Multratug 29 is a Damen ASD 3212 tug, built for both harbour and oceangoing towage, says Mr Muller.
“When conditions get rougher and tougher offshore the [ASD 3212] seakeeping characteristics really show themselves,” he says. “With an open stern, stern roller and additional equipment, this is a real multipurpose tug.”
Because of the variety of Multraship’s port and deepsea operations, it needs multipurpose tugs. “We believe that most of our port tugs should be able to work at sea, and that our seagoing tugs should also be able to perform port operations,” says Mr Muller.
Escort tug design
Elsewhere in Q2 2019, naval architects at Robert Allan and Sanmar Shipyards, in Turkey, jointly developed the RAstar 3200-SX tug design. The Kocaçay series are 32-m escort and ship-assist tugs with twin Z-drives and diesel main engines designed “for ship-handling, towing and escort duties,” says Robert Allan.
These 497-gt tugs will have an escort winch at the bow, a towing winch, towing pins and rounded transom at the stern for towing.
RAstar 3200-SX tugs were designed with a 13 m beam and 5.5 m draught, which is shallower than comparable escort tugs.

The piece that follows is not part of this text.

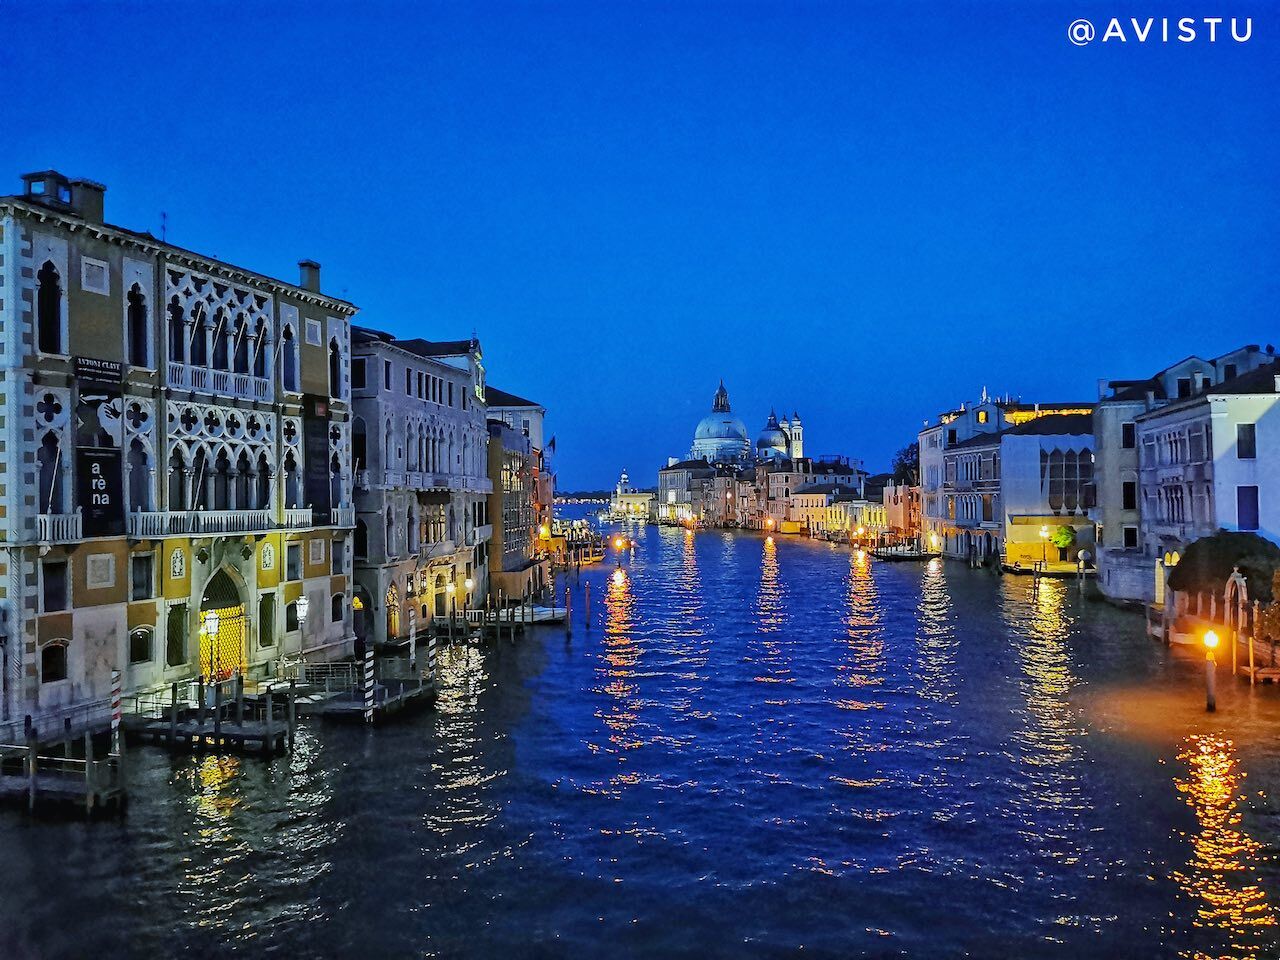 El Gran Canal de Venecia tras ponerse el sol [(c) Foto: @avistu]

Customisation included “design optimisation to minimise construction costs without reducing end-performance” Robert Allan says.
They are expected to deliver high bollard pulls of up to 84 tonnes ahead and 77 tonnes astern, “unlike other shallow-draught designs that use a compromised hullform to achieve a reduced draught,” says Robert Allan.
Their propulsion includes a pair of CAT 3516C diesel engines, each rated at 2,350 kW or 2,525 kW at 1,800 rpm, and each driving a Rolls-Royce US 255 P30 Z-drive.